The Rise, and Fall, and Rise of Willie Snead IV


It was third-and-17 and the Ravens were leading by a pair of touchdowns in Tennessee at the start of the second half. They didn't want to give the Titans even a shred of life.

So the Ravens dialed up their trusty chain-mover, Willie Snead IV.

Snead looped behind a Titans linebacker and Joe Flacco hit him in stride for a 24-yard gain. Safety Kevin Byard walloped Snead, then menacingly lingered over top of him a little too long.

Feisty as ever, Snead shoved Byard off, hopped to his feet and stood toe-to-toe with him before vigorously signaling a first down right in his face. Head Coach John Harbaugh loved it.

"That's the kind of competitor he is. He's all ball, all the time," Harbaugh said Monday. "This is a guy that's been doubted his whole career – high school, college and the NFL. So I'm fine if they keep doubting him."

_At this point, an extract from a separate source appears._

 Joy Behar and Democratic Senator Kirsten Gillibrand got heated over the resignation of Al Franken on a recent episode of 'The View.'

Snead is the unafraid, ultra-prepared underdog who makes plays whenever he's given the chance. The Ravens call the middle of the field, where Snead made that third-and-17 catch, the "blood zone." And Snead thrives in it.

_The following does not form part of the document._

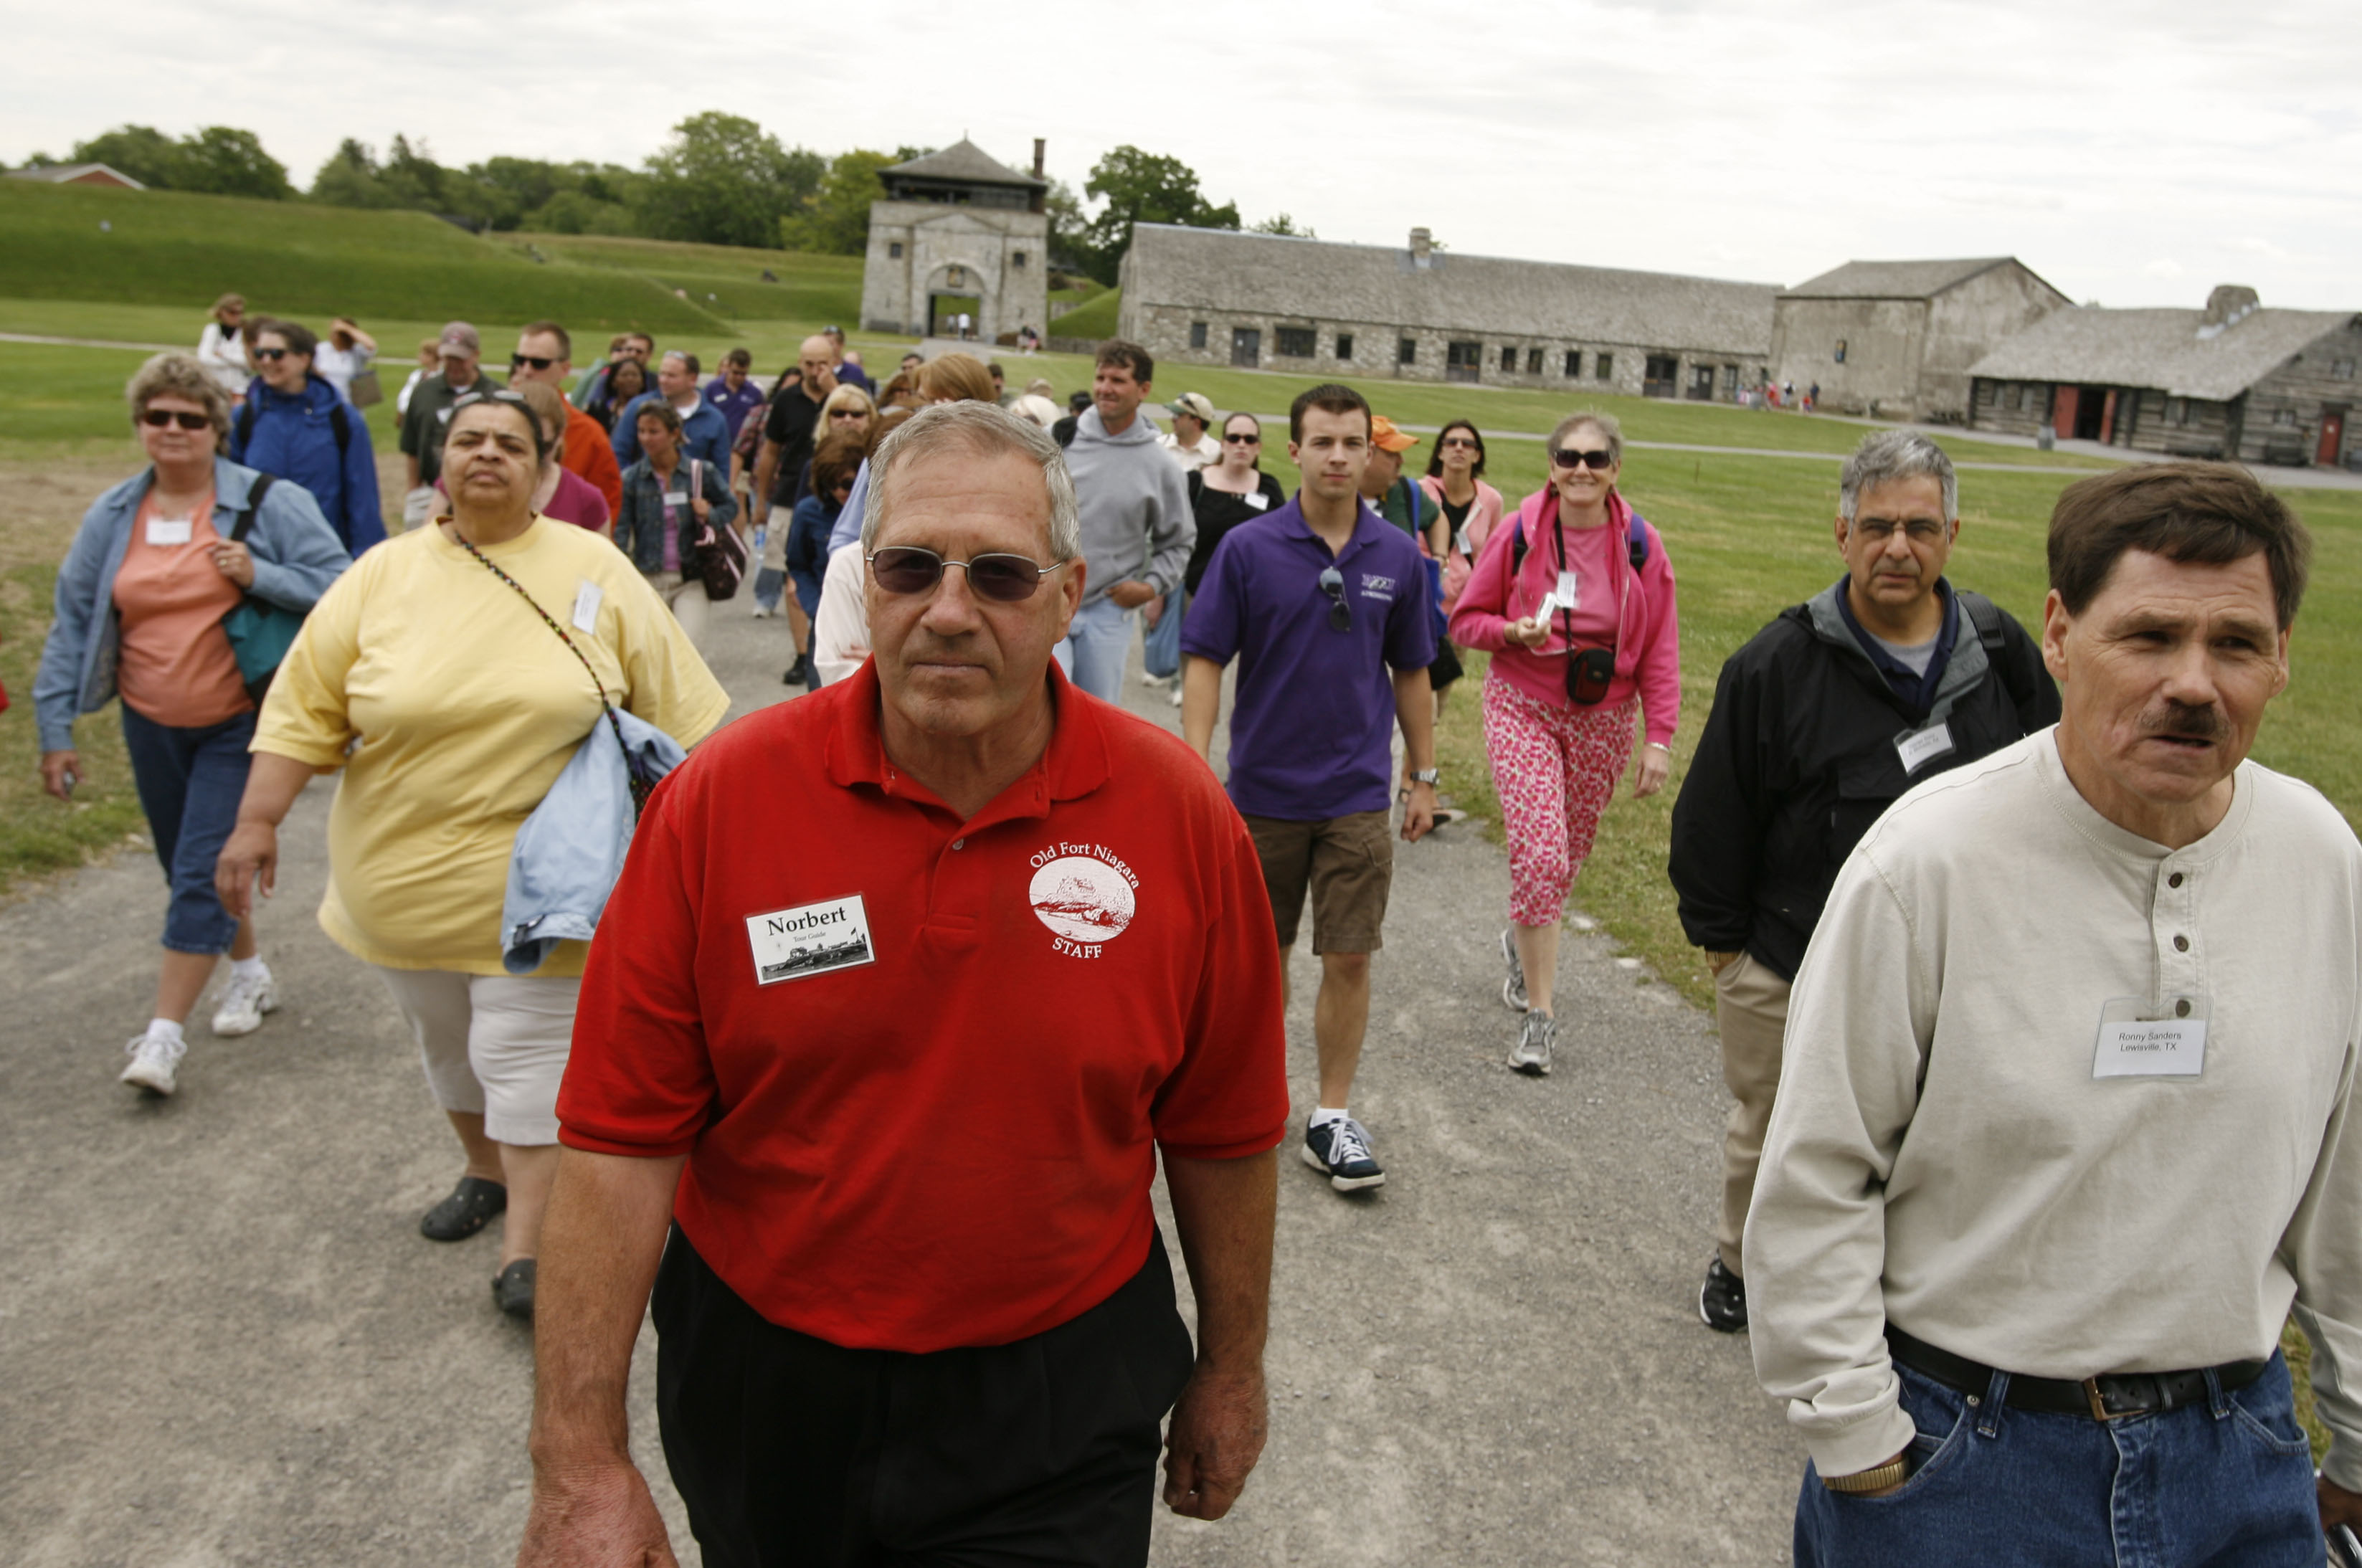 Despite warnings, past Buffalo bishops returned abusive clergy to parishes

"He's one of the toughest guys I've played around, just in the six games," Flacco said. "He really kind of loves to be put in those spots."

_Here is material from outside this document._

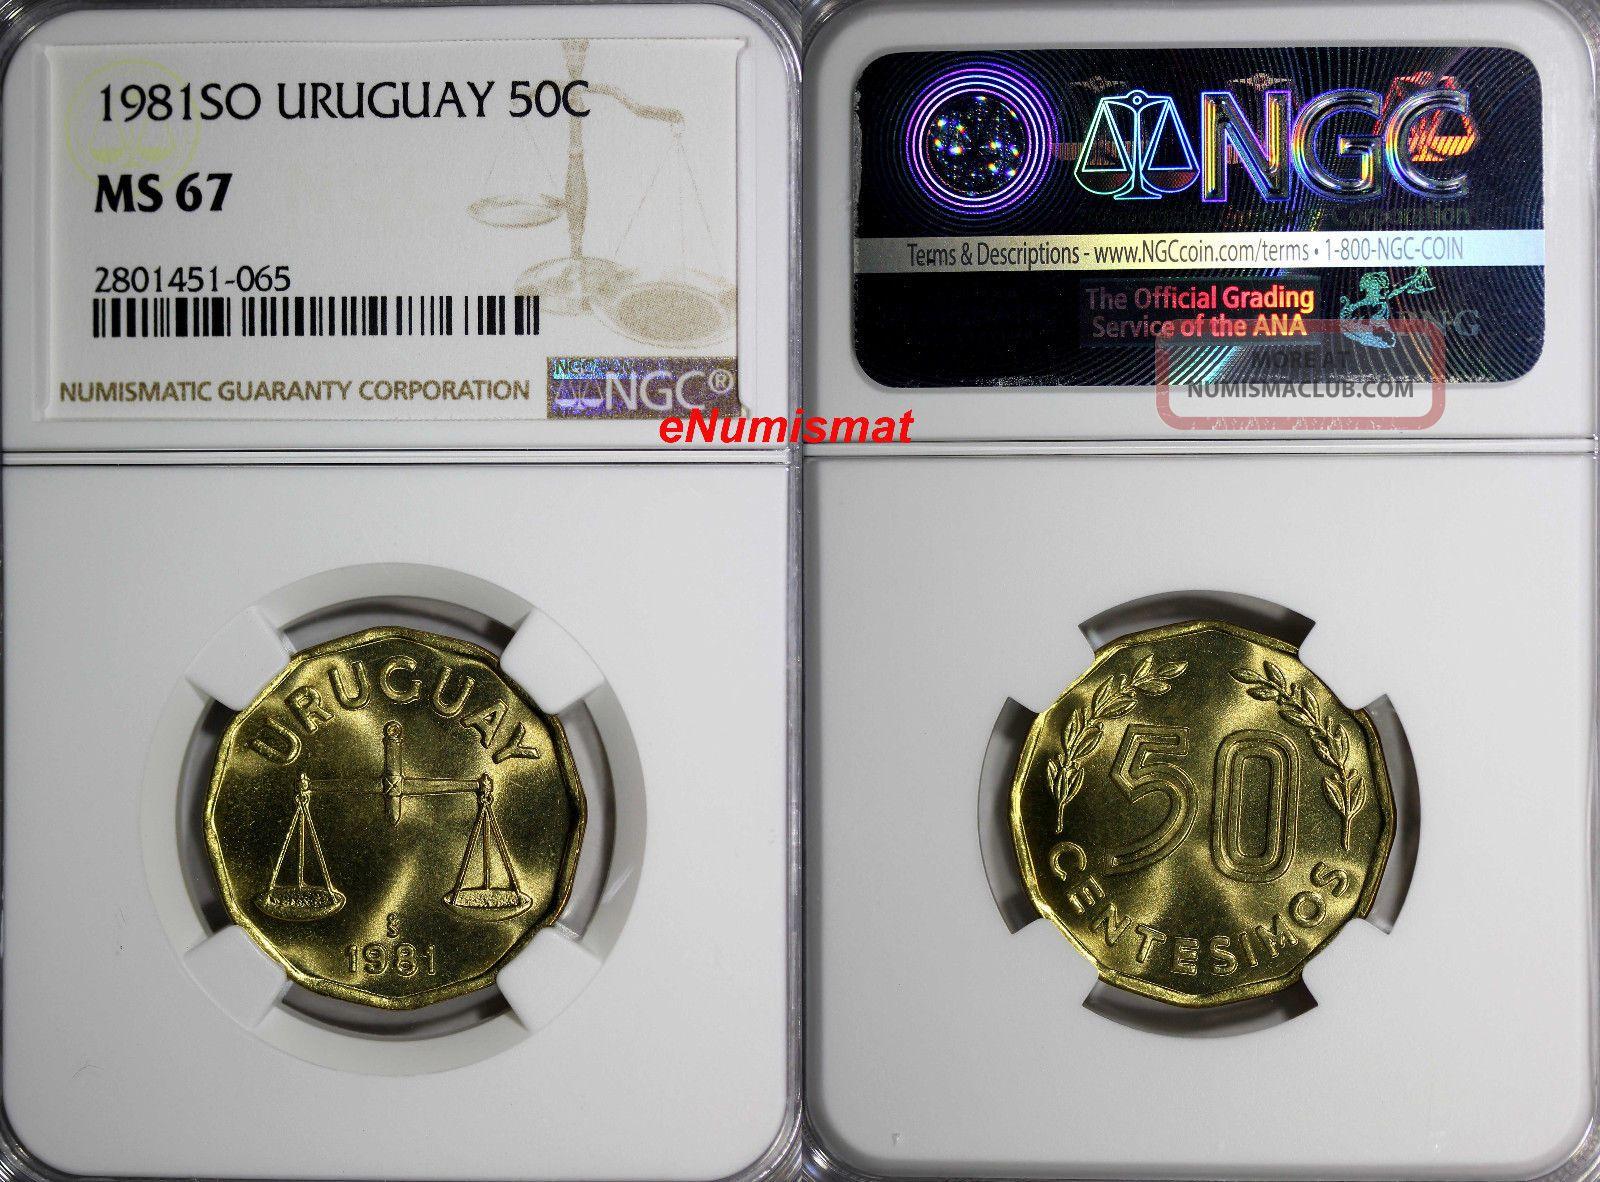 Uruguay 1981 So 50 Centesimos Ngc Ms67 Top Graded Coin Mintage - 200,  000 Km 68 South America photo

The Ravens scored a touchdown on that drive and Snead finished with seven catches for 60 yards in Tennessee. He's now tied for the team lead in receptions (30) and is tops in first-down catches (20) – a huge part of Baltimore's passing attack.

As the Ravens prepare to take on the Saints this Sunday, it's a special game for Snead, who became an NFL star in New Orleans only to fall from grace last season. After catching 141 passes for 1,879 yards the previous two seasons, Snead hauled in just eight catches for 92 yards last year.

In one season, a guy who worked his butt off just to get to the NFL, then rose from an undrafted free agent to one of Drew Brees' most trusted targets, was on the outs. It was a tough pill to swallow – especially because it was at least partially his fault.

"You can't take this for granted, because at any moment it can be gone," Snead said.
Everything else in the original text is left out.